Data extract:
______________________________

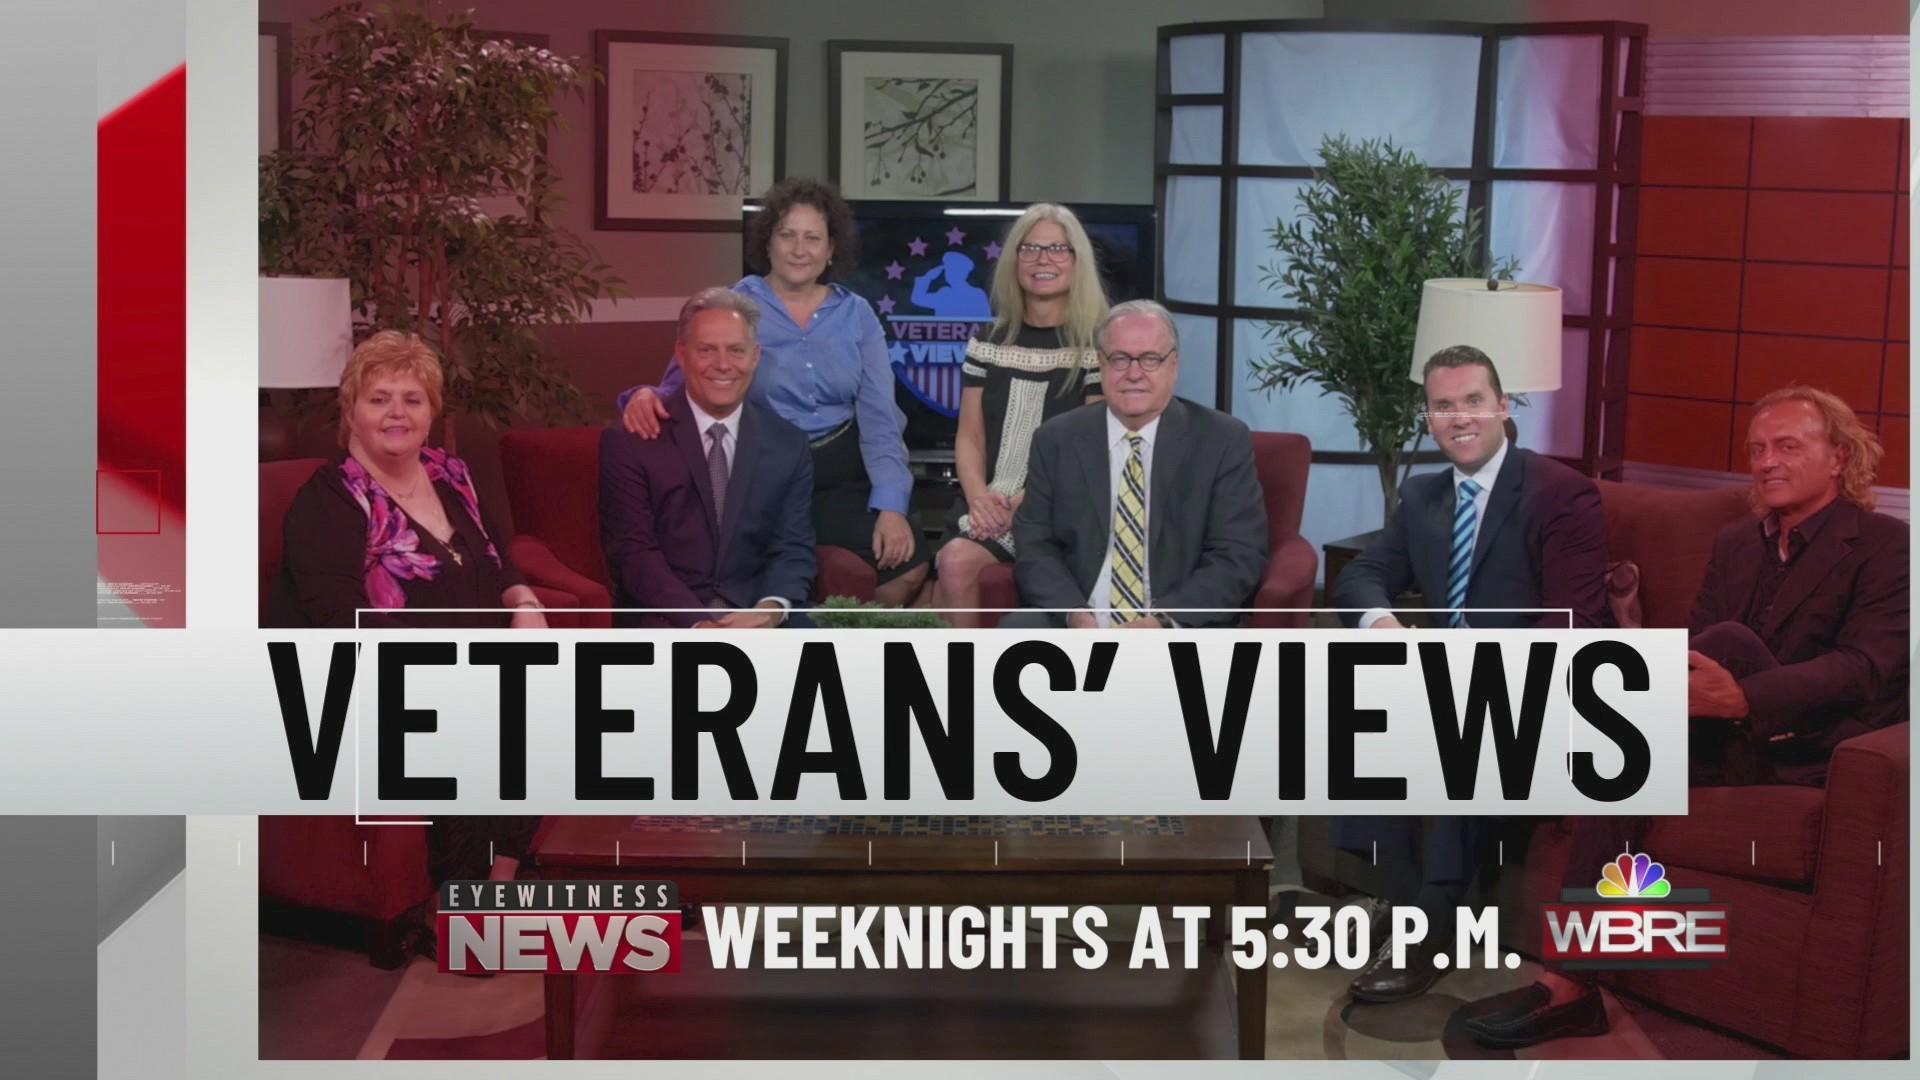 Veterans_Views_Promo_0_20190311170157
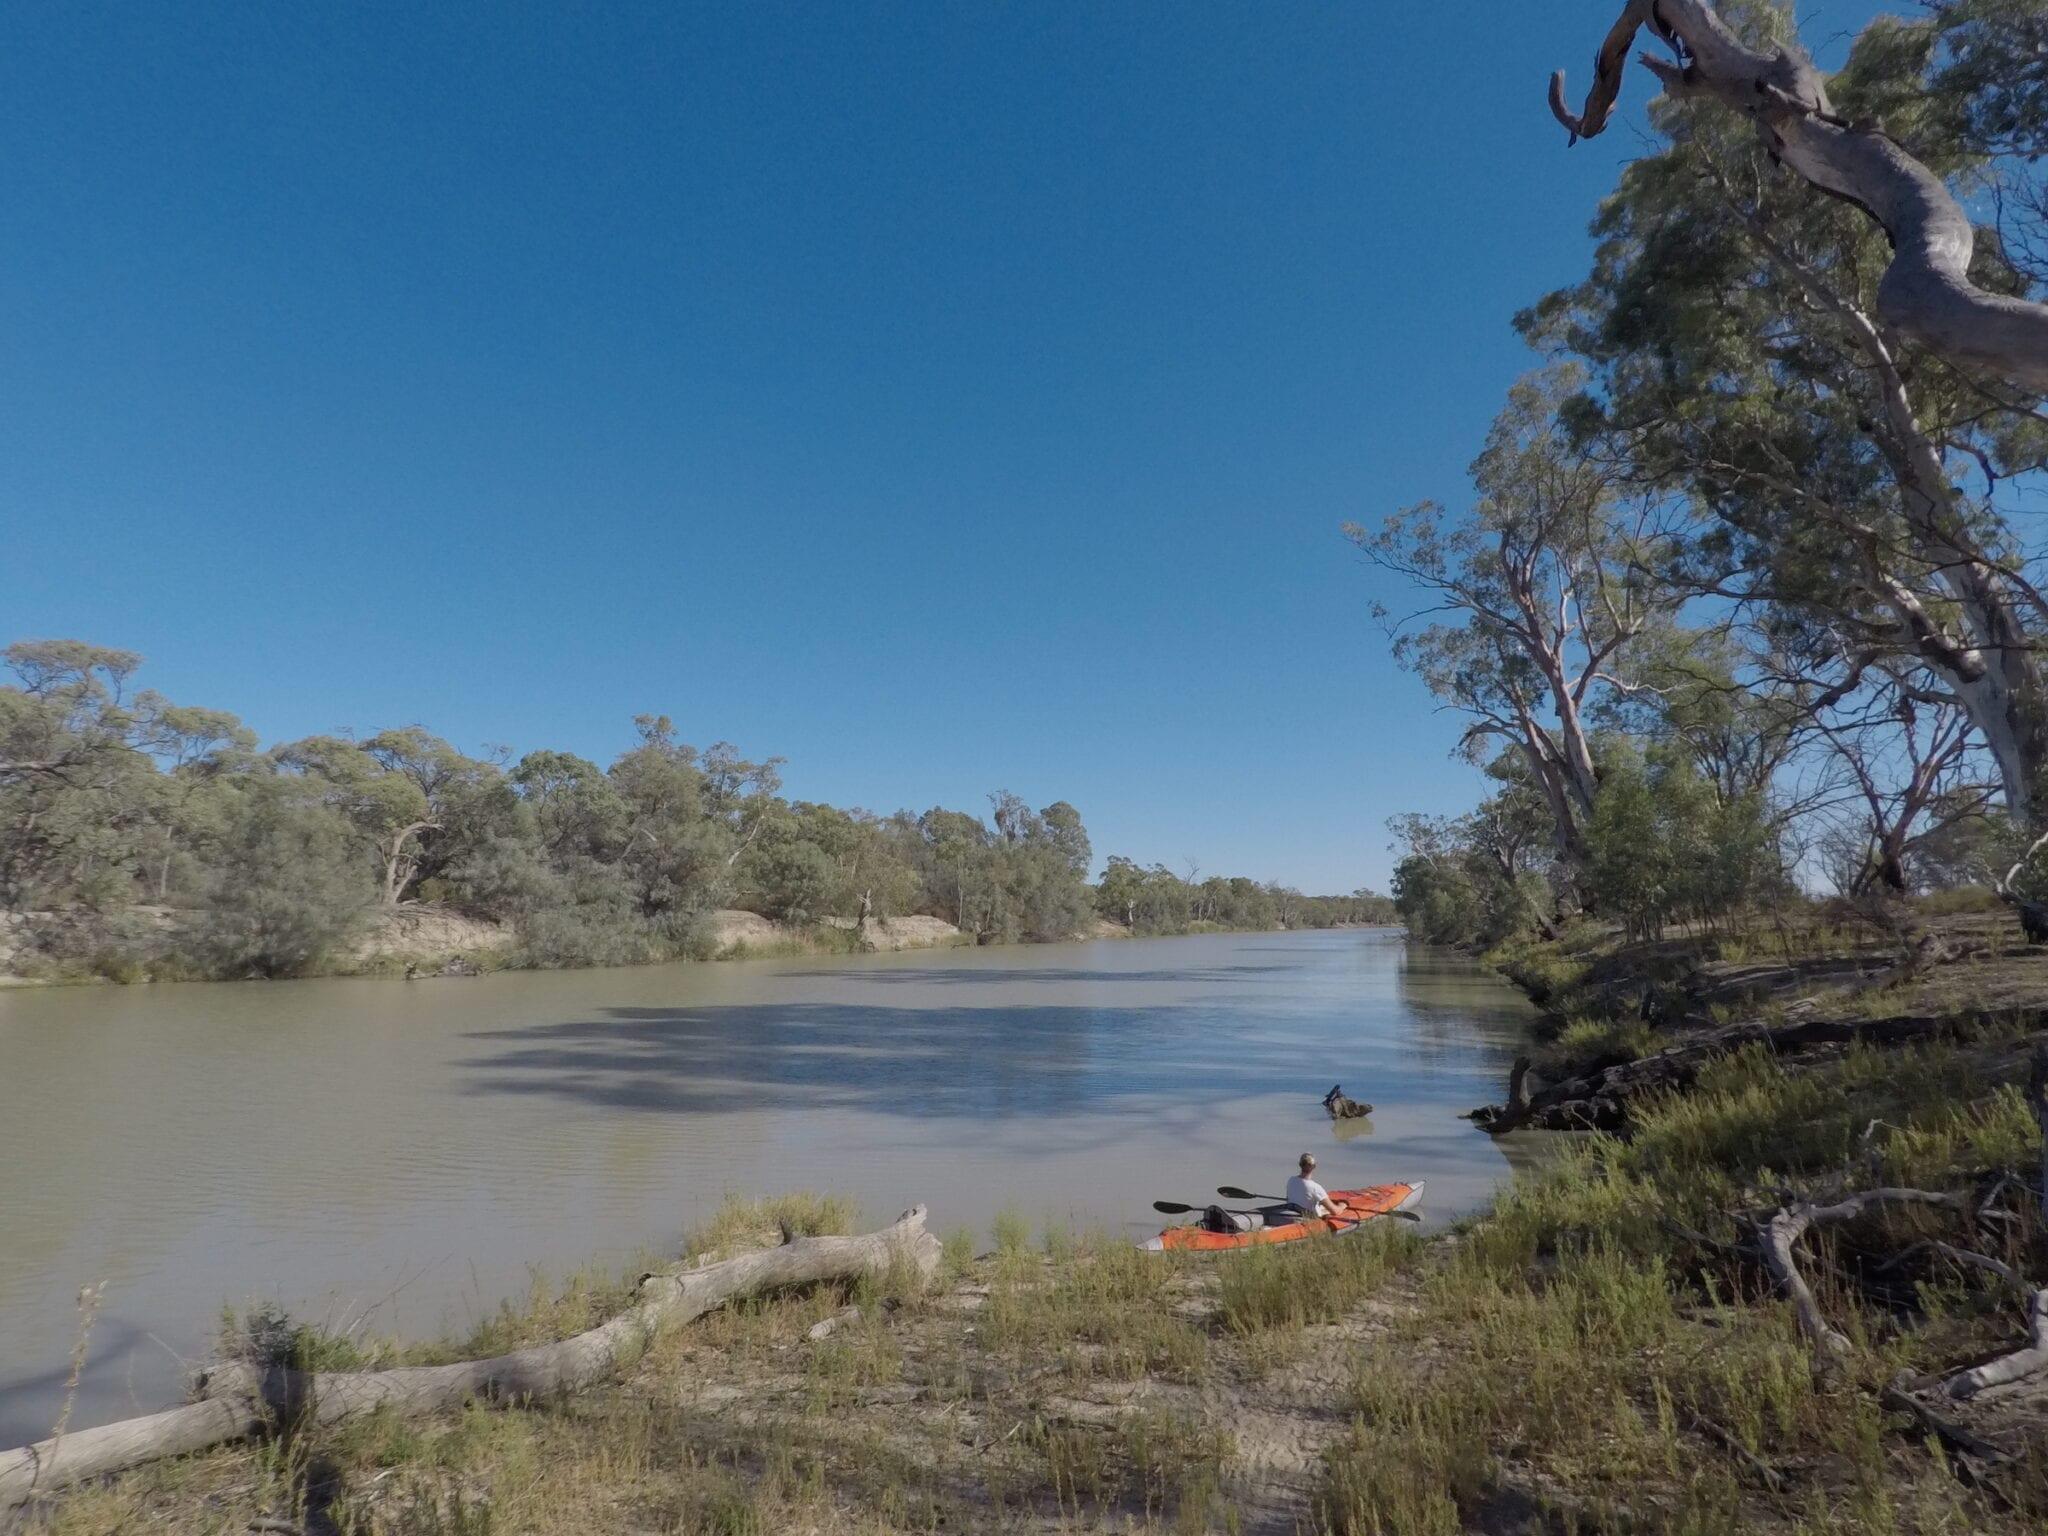 Kayaking The Murray River, looking upstream.
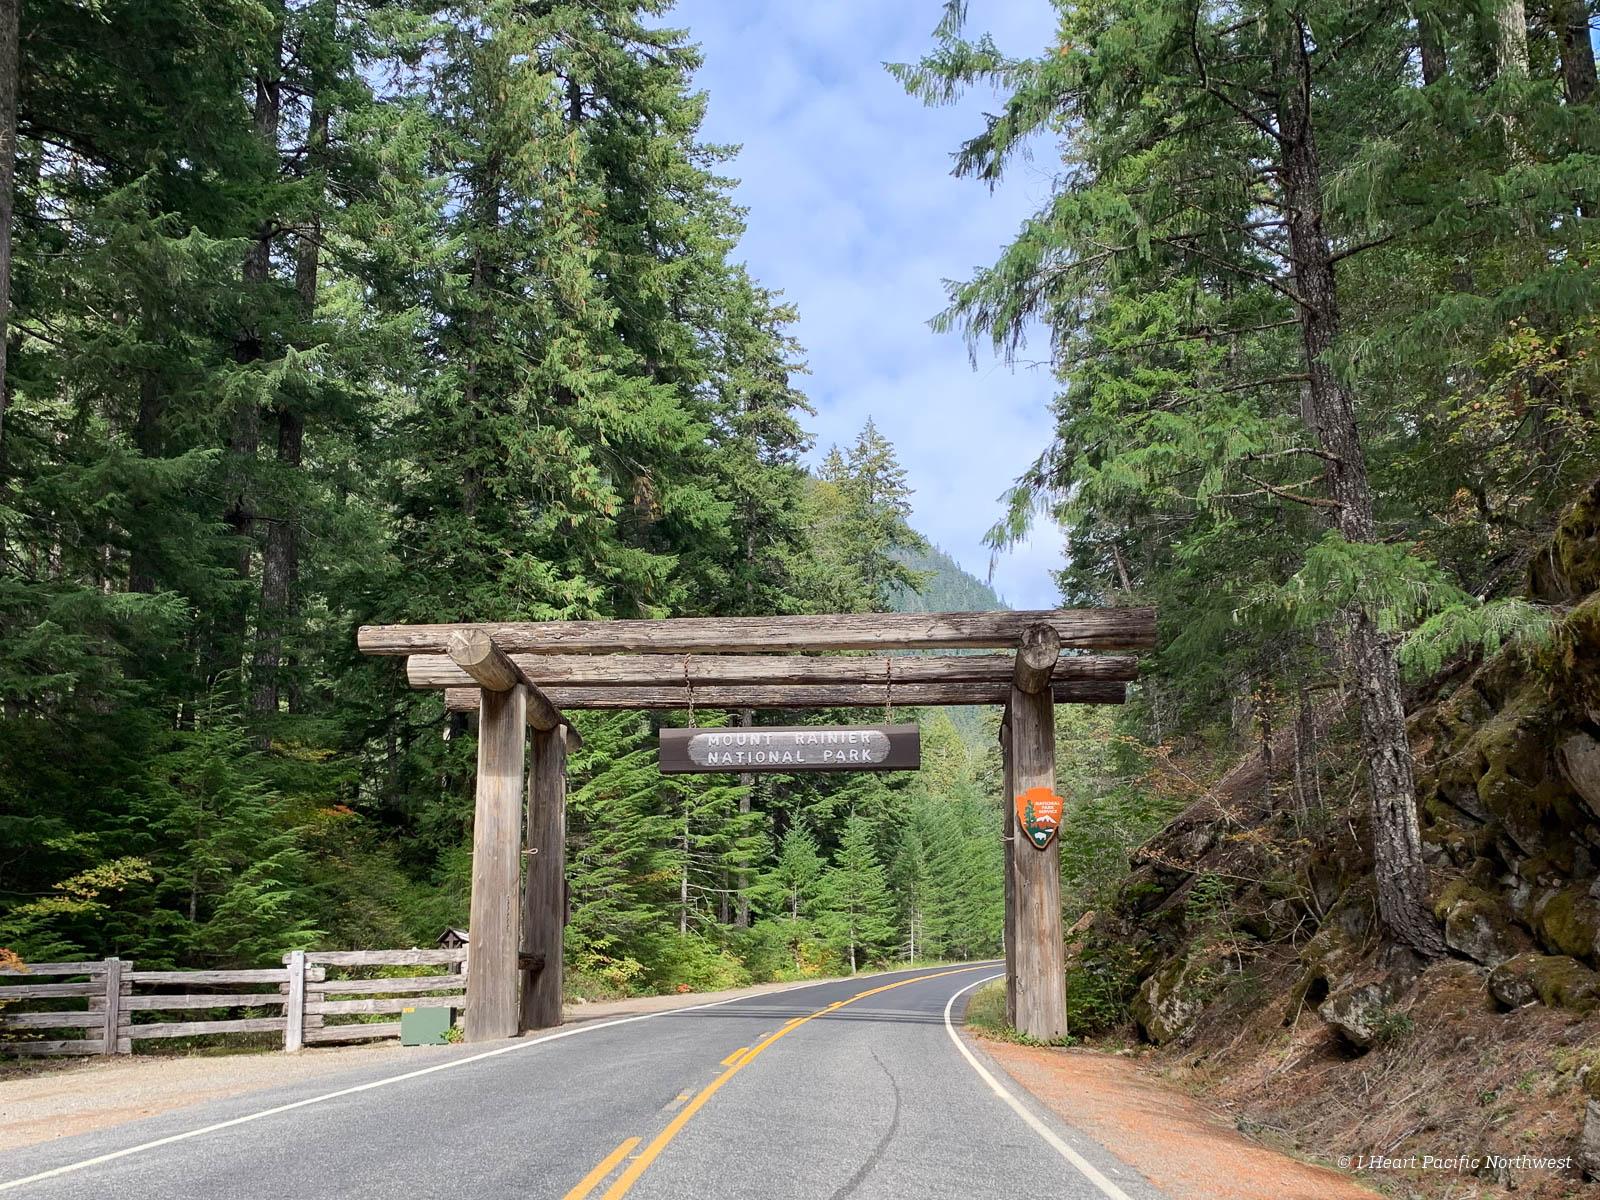 Mount Rainier National Park - Ohanapecosh camping trip
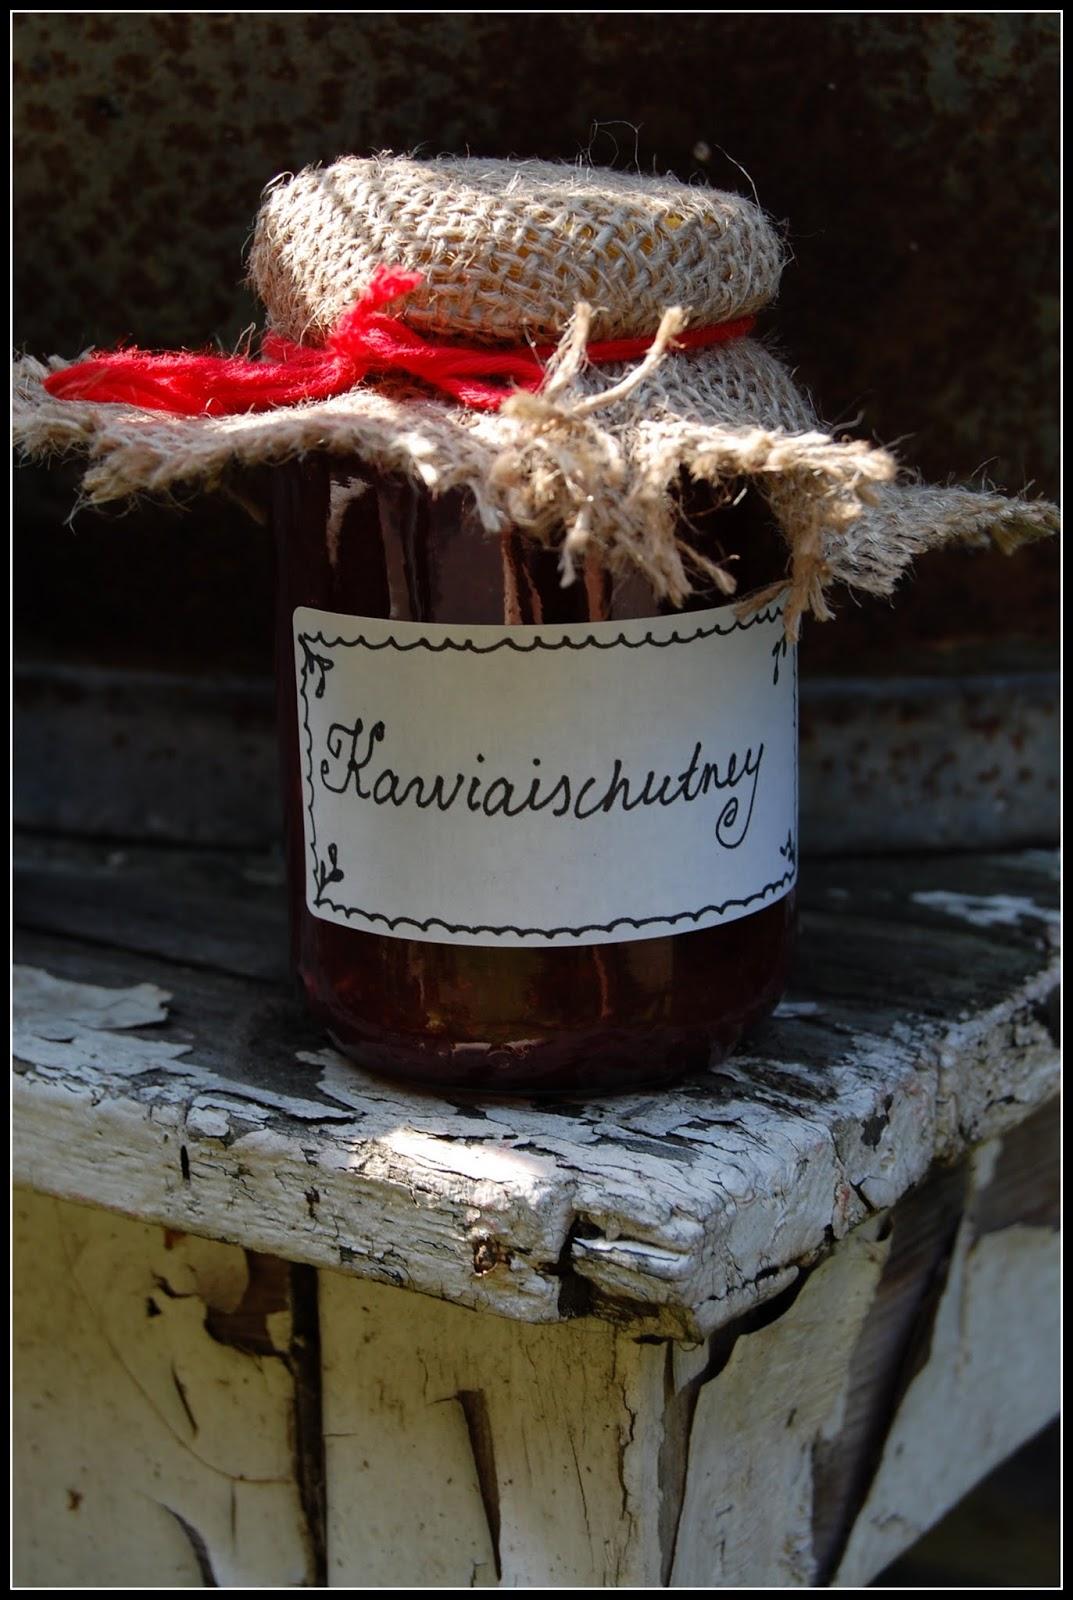 Karviaischutney

______________________________

Required action:
Please repeat everything in the data above except the pictures, exactly as it reads.

Reply:
 Veterans_Views_Promo_0_20190311170157
 Kayaking The Murray River, looking upstream.
 Mount Rainier National Park - Ohanapecosh camping trip
 Karviaischutney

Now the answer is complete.